Material for this task:
════════

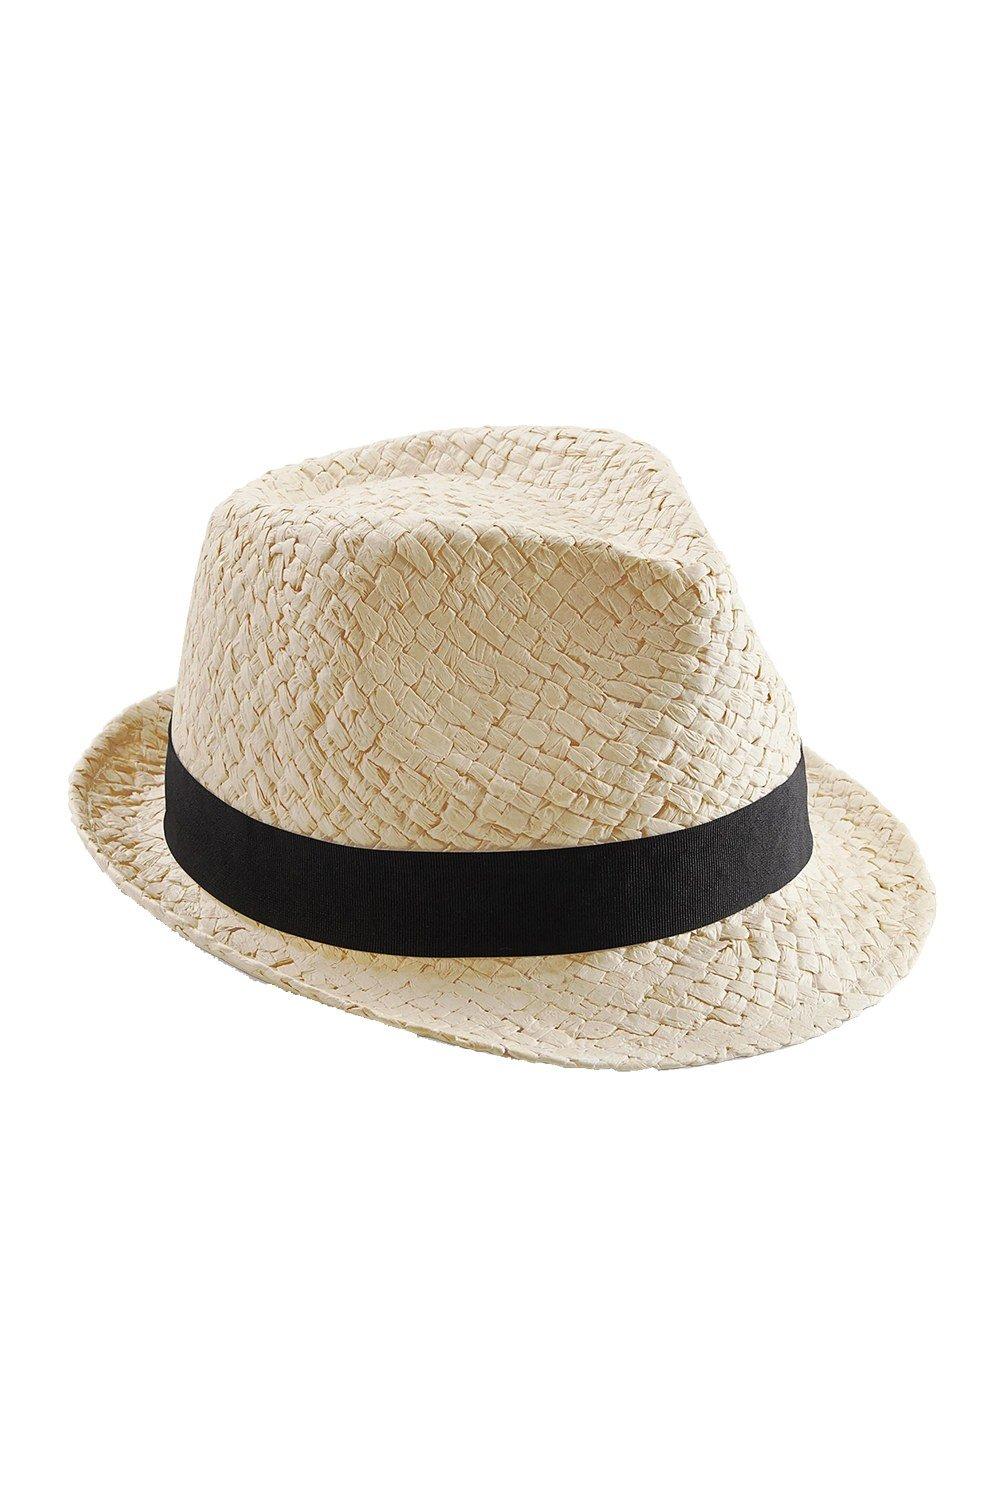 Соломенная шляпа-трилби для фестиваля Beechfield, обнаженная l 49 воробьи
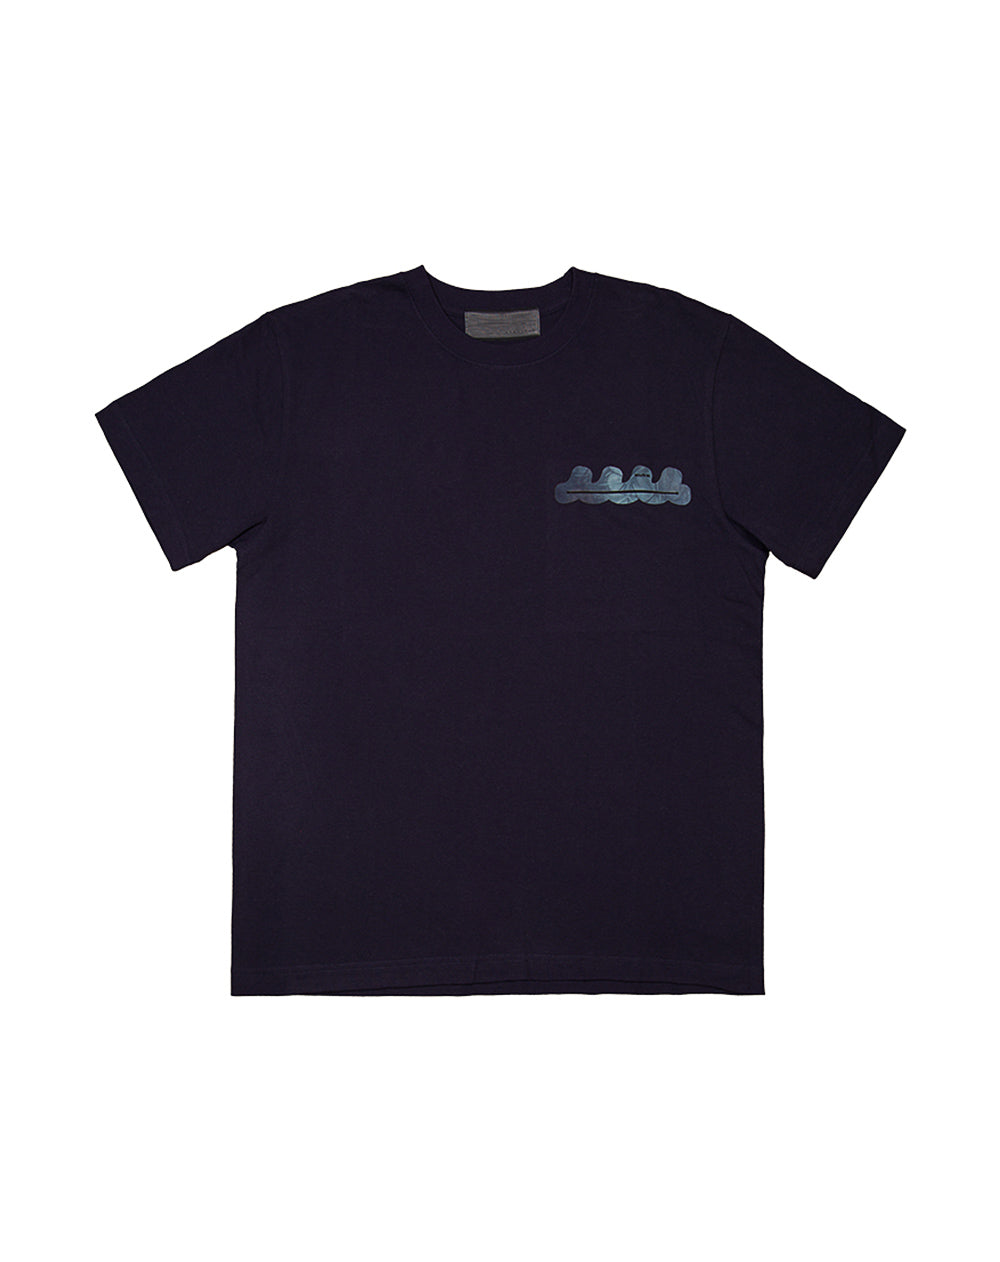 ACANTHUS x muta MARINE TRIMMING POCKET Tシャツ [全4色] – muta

════════

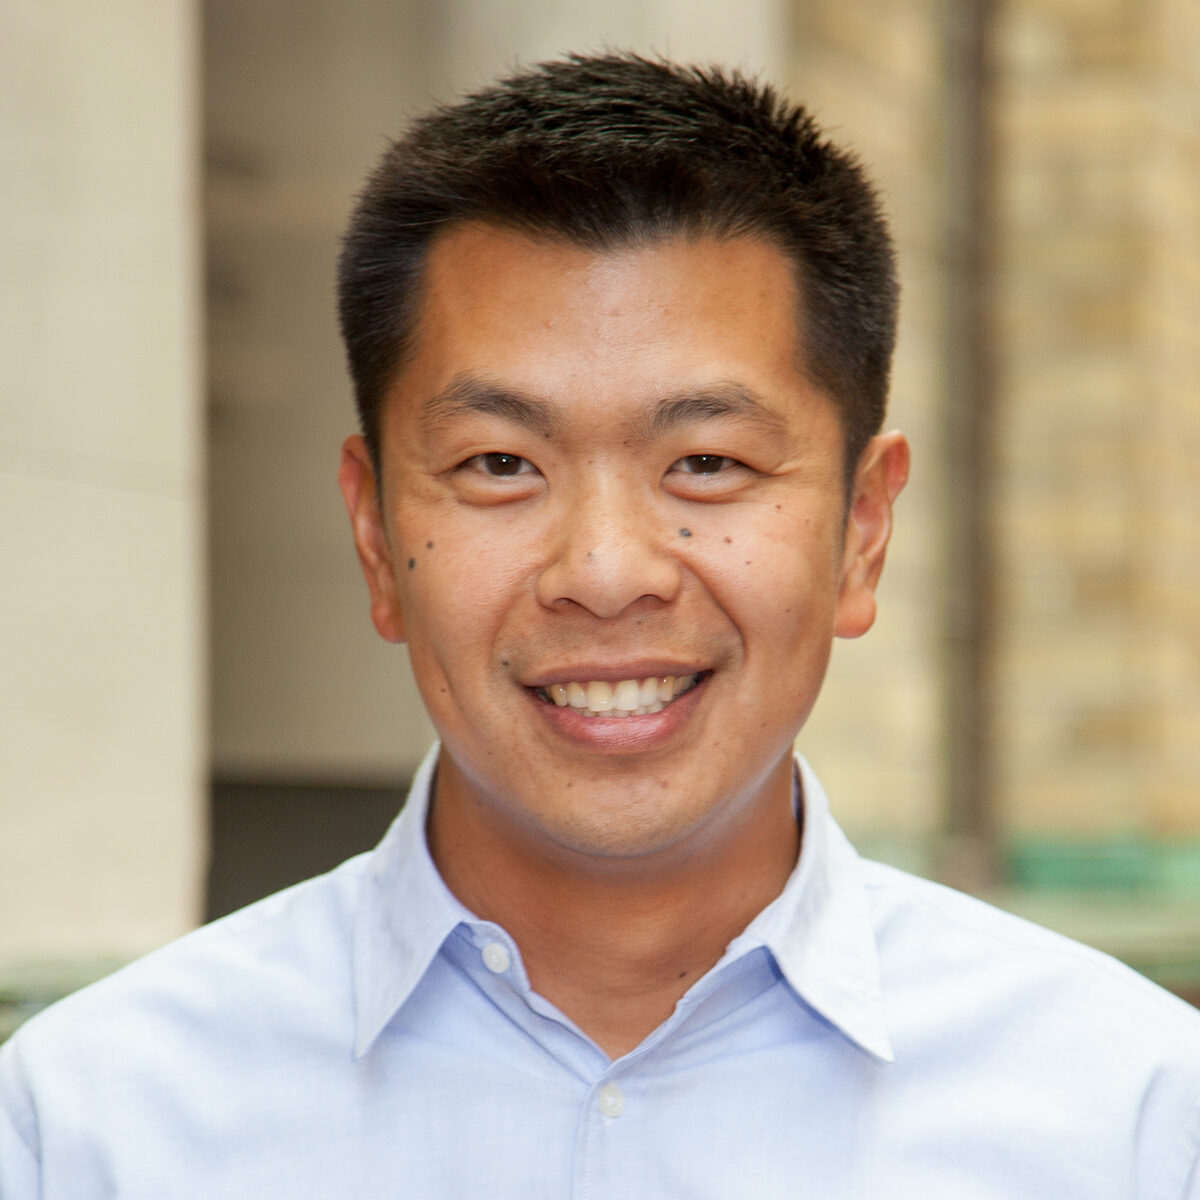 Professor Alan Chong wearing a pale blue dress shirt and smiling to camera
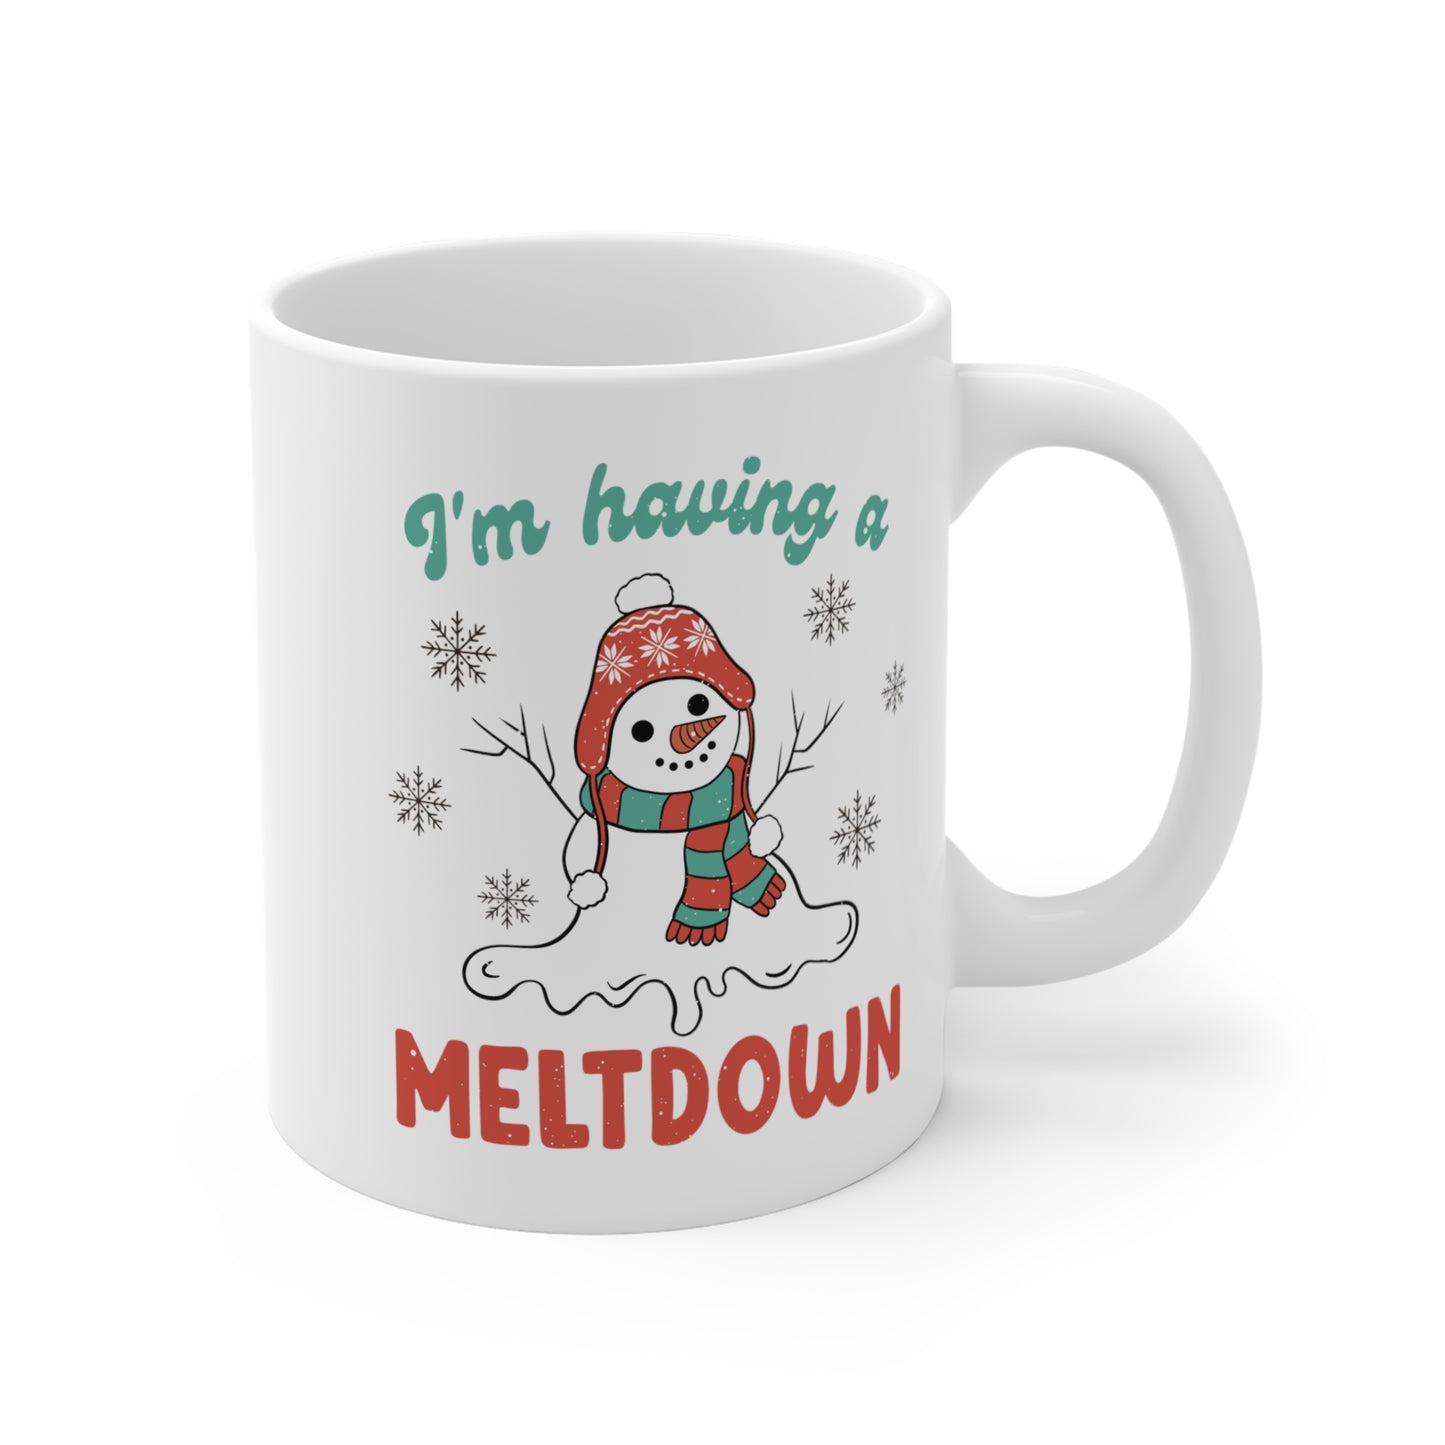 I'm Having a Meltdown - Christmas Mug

════════

What is being asked: Please print the lines above word for word, starting at the one with "Соломенная шляпа-трилби для" and ending at the one with "ACANTHUS x muta", both included, and without any picture.

Solution:
 Соломенная шляпа-трилби для фестиваля Beechfield, обнаженная l 49 воробьи
 ACANTHUS x muta MARINE TRIMMING POCKET Tシャツ [全4色] – muta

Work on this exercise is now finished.